▸ **GIVEN MATERIAL**
--------

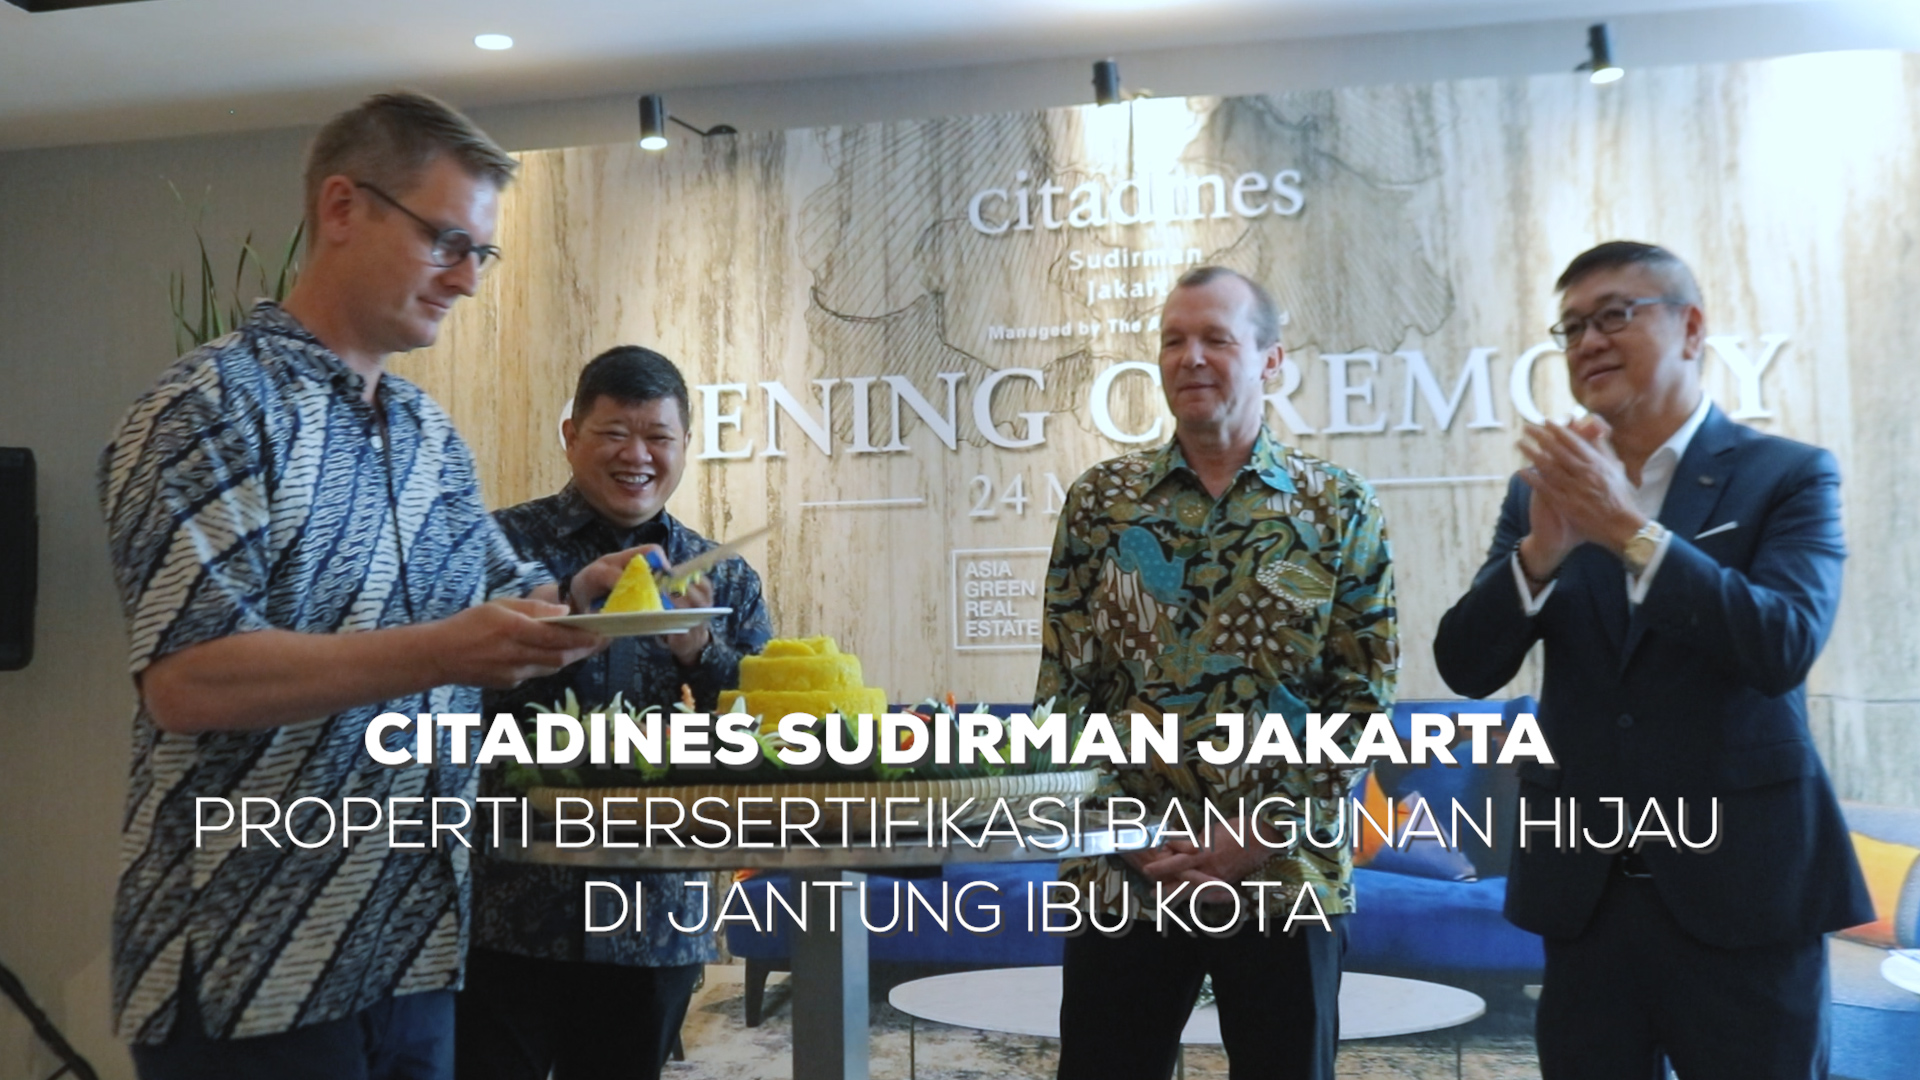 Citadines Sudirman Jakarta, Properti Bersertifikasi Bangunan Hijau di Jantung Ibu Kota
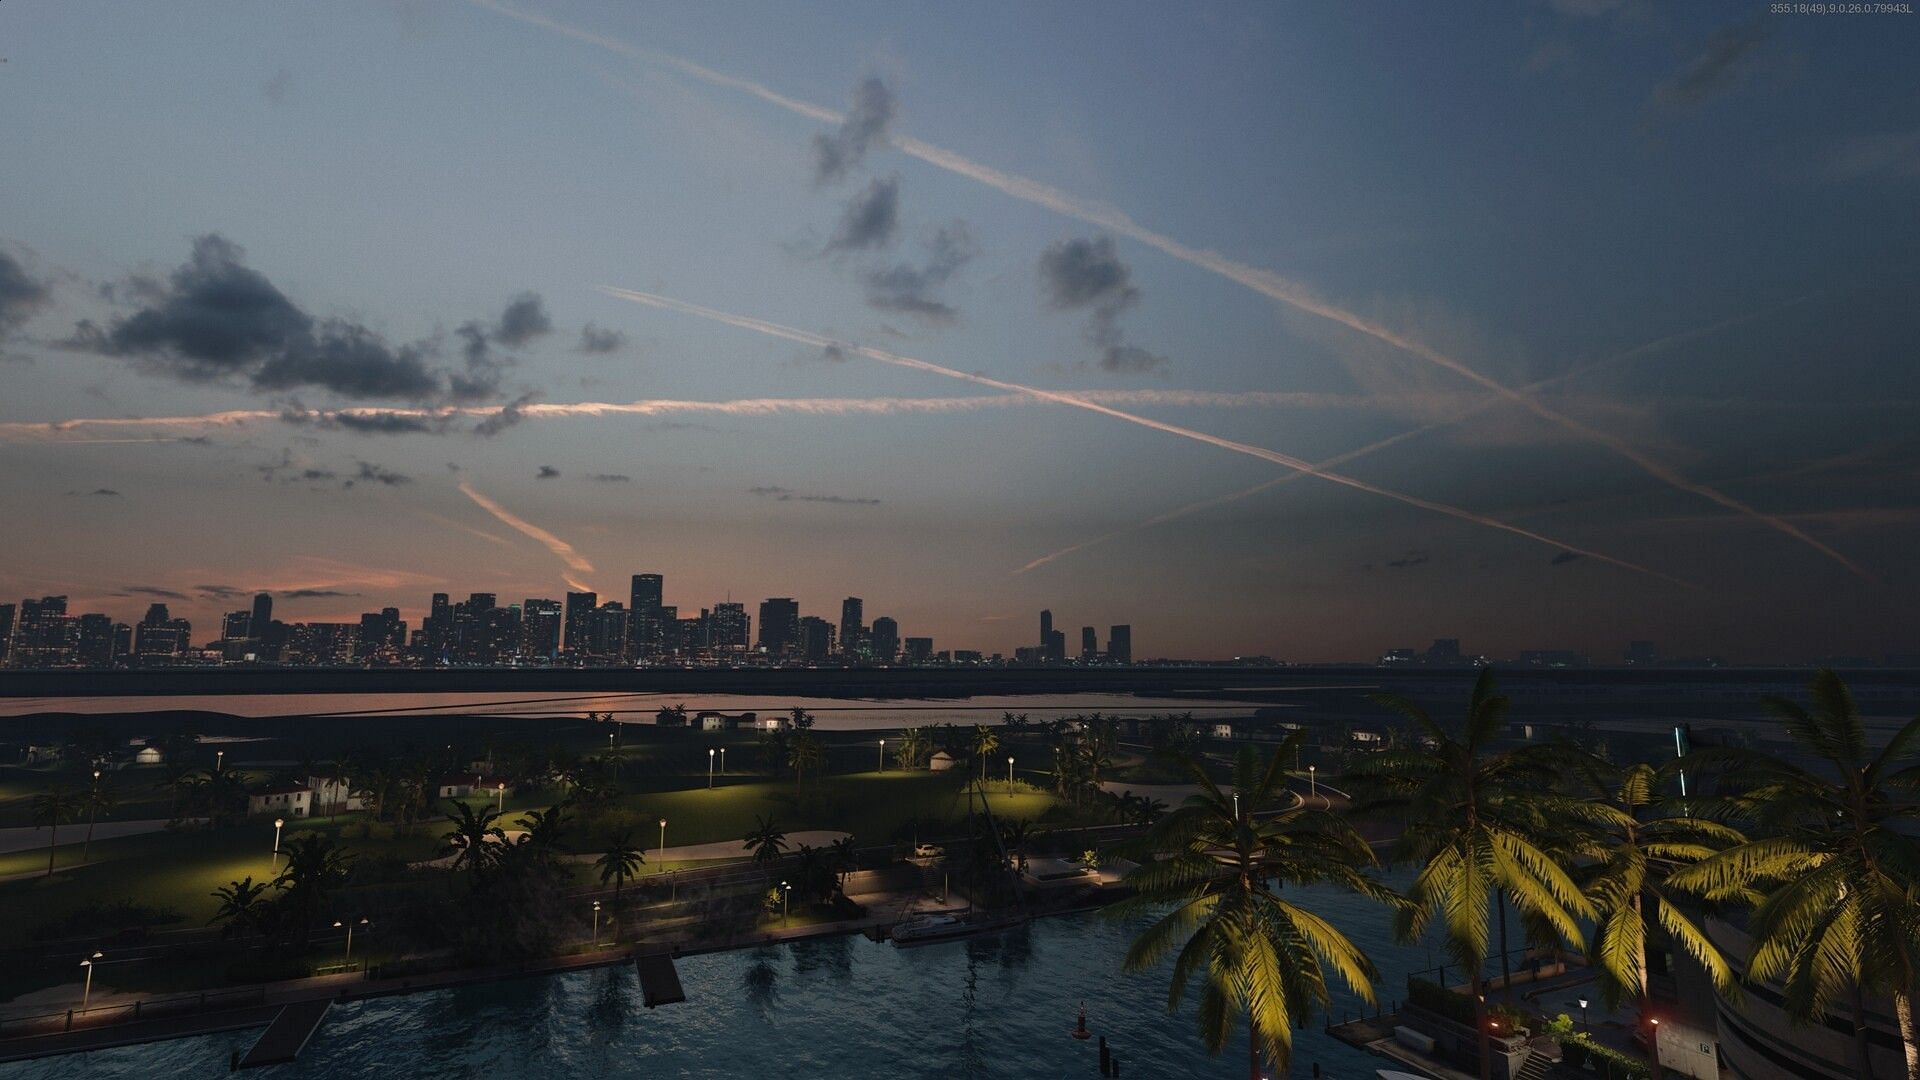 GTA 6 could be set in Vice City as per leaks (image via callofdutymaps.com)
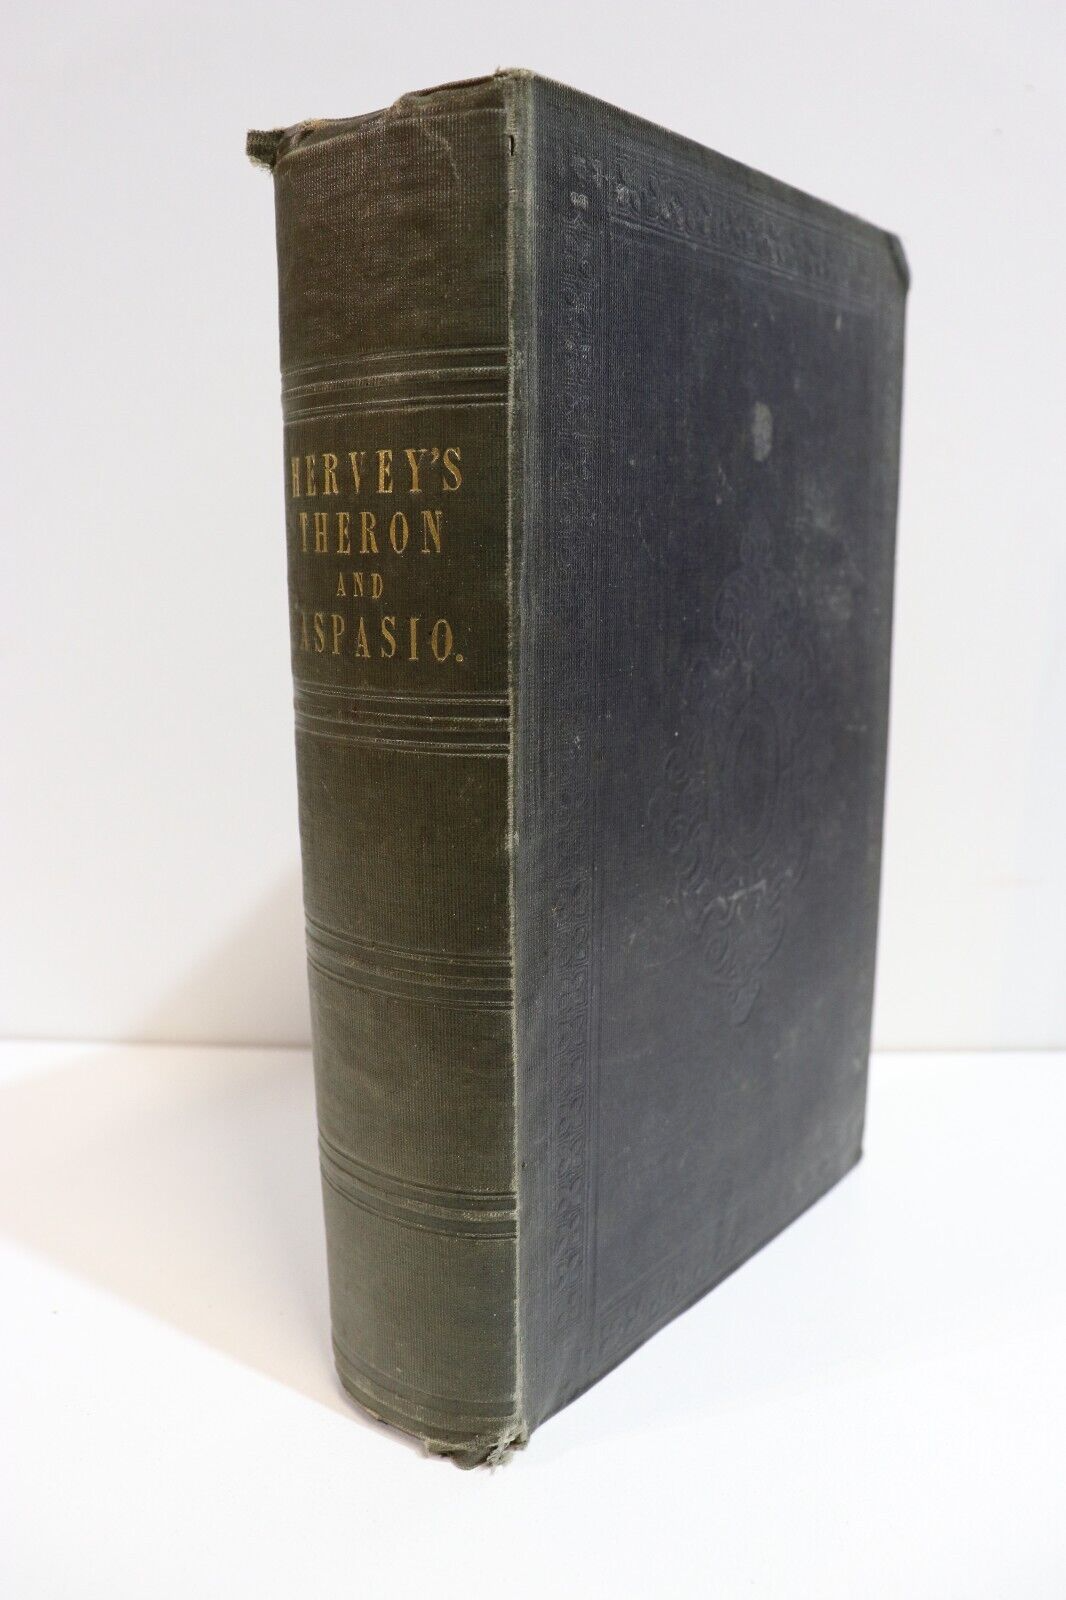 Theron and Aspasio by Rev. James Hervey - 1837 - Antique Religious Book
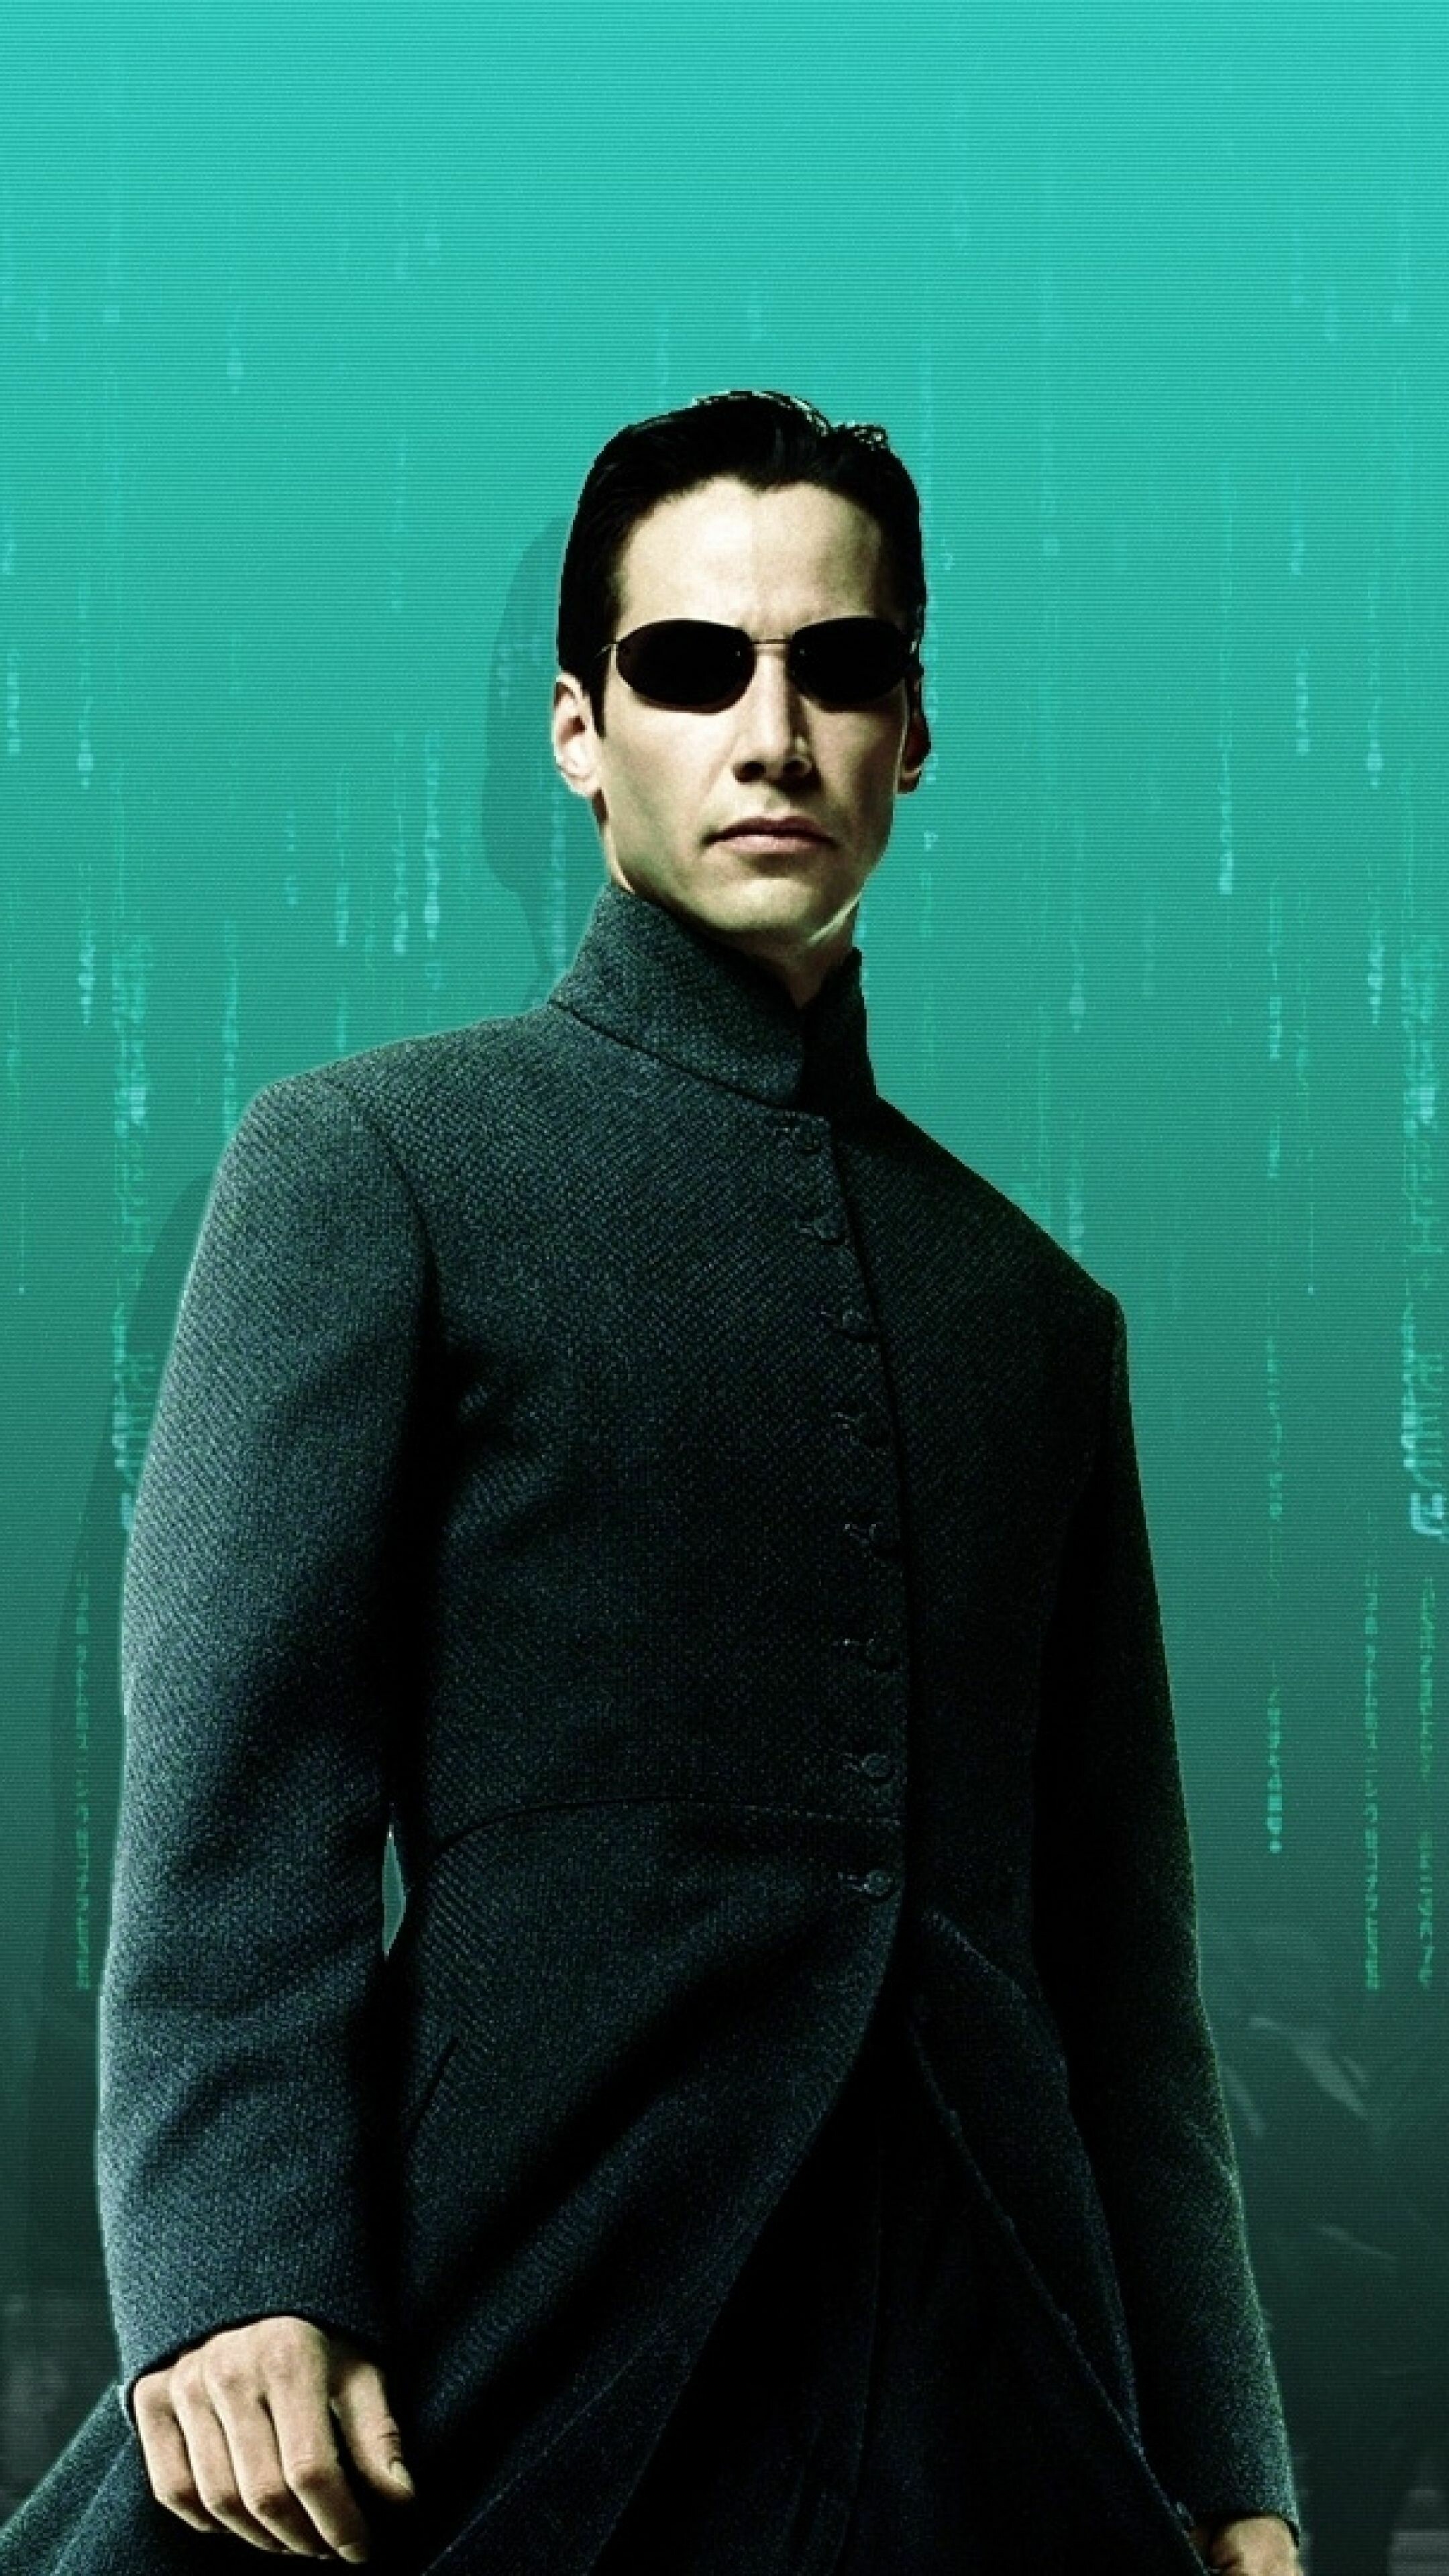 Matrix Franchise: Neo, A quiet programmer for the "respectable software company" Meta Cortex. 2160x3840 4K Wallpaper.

--------

▸ **YOUR INSTRUCTIONS**
Leaving the pictures aside, write out only the lines from the one containing "Theron and Aspasio" through the end of the material, exactly as they stand.

▸ **EXERCISE RESULT**
 Theron and Aspasio by Rev. James Hervey - 1837 - Antique Religious Book
 Matrix Franchise: Neo, A quiet programmer for the "respectable software company" Meta Cortex. 2160x3840 4K Wallpaper.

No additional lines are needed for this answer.